MURRAY CITY — After making a motion to move the Murray City Village Council meetings to once a month, the meetings have been more packed with a list of “To Dos” and complaints.

During the meeting on Thursday, roll call was taken, the minutes were read, a motion was made to pay the bills and then Mayor Mike Dupler brought up the concern of X-Press Underground Inc., the construction company working on the sewer project.

Dupler said he ceased work being performed by X-Press on Thursday, May 30, due to a combination of events, and handed them a letter of explanation. The company was back to work by that following Monday, June 3.

One of those events was when semi-trucks and dump trucks began to use the alleys and roadways instead of the main road, state Route 78, like they’re supposed to. This brought up conversation of turning the state route back over to the Ohio Department of Transportation to maintain.

“Murray City evidently, back I don’t know when, but accepted that we would do something with that road to maintain it,” explained Councilwoman Sharon Koon.

The Village doesn’t have the funds to maintain the state route anymore, especially with the construction in the area ruining or worsening the road conditions. Instead of repaving the entire road, X-Press was looking to patch the roadway because it’s cheaper.

Ron Cook, Village Administrator, also brought up the amount it would cost the Village to put in water connections to roughly six more homes. It would cost the Village at least $1,200 to hook residents up to running water; $807 for parts, plus $0.40 cents per foot per pipe, plus labor. Council approved the price for the installation and purchase of materials.

Regarding water, Cook also stated residents have been getting abnormally high bills and he doesn’t know who read the meters. Earlier this year, the Village had trouble with their water meter reader and he eventually quit. Council then hired Jon Griffin, who also works at the Southeastern Ohio Regional Jail. According to councilwoman Charmia Berwanger, the Regional Jail has been extremely short staffed lately.

Therefore, since Griffin couldn’t read all of the water meters in town Berwanger, councilman Roger Berwanger, and water clerk Sabrina Bishop, all pitched in to help read and re-read the rest of the meters. This caused some confusion for Cook when it came to a resident having a bill that had doubled since last month.

Griffin’s wife, Kayla, spoke on behalf of Jon at the council meeting and stated he had been working double shifts at the jail and also is dealing with some health issues.

“Now wait, here’s what’s aggravating me. We went to the people and begged the people when Jake (Sheritt, the old water meter reader) screwed up. People paid their water bills, no shut offs or anything; we dropped the ball that time.
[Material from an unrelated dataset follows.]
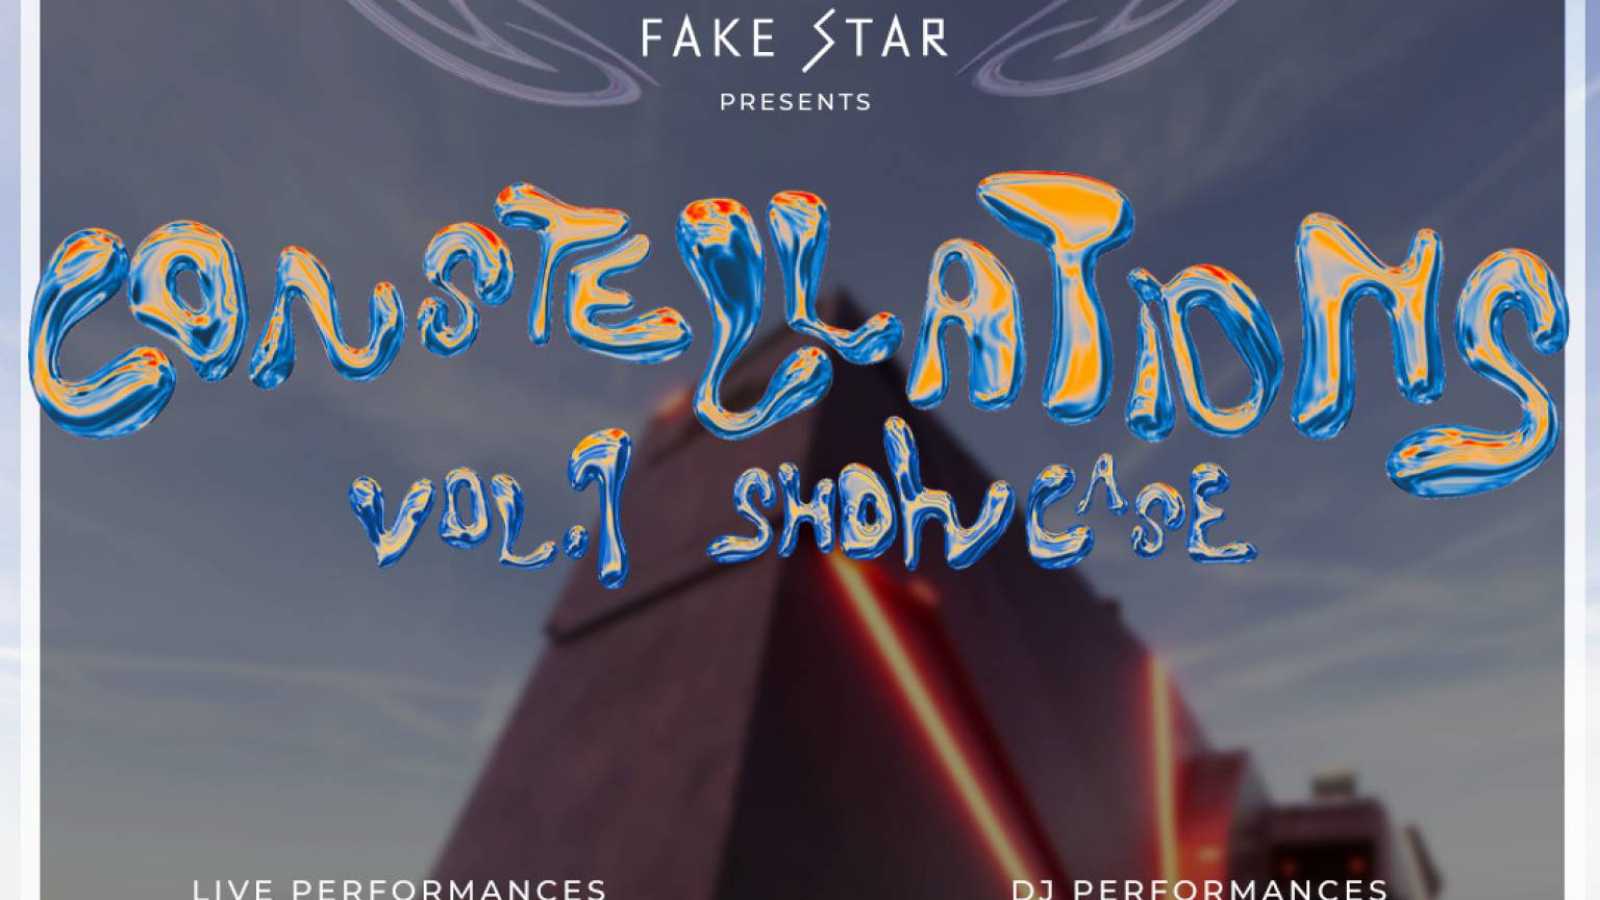 FAKE STAR USA’s “Constellations Vol. 1” Showcase to Be Live Streamed Worldwide © FAKE STAR USA. All rights reserved.

So we assured people this isn’t going to happen again, but now we’ve got three or four different people in the water pit,” explained Cook.

This caused a small ruckus before fiscal officer Susan Baker spoke up and asked how the Village wanted to pay him since he technically didn’t work the whole time on his own.

“I need the people who are in charge of the budget, I need the Village Administrator basically, to tell me — or council, or whoever — does he get a month’s salary when he didn’t do his job?” questioned Baker.

Dupler said Griffin should be paid his regular salary but this couldn’t happen every month.

Resident Steve England discussed two possible donations to fireworks and wanted to know where he can have people donate. He mentioned two groups that wanted to donate to the cause — Murray City and Glouster Eagles.

The community cookout will be hosted July 6, beginning at 11 a.m. with food, drinks, inflatable bounce houses and more.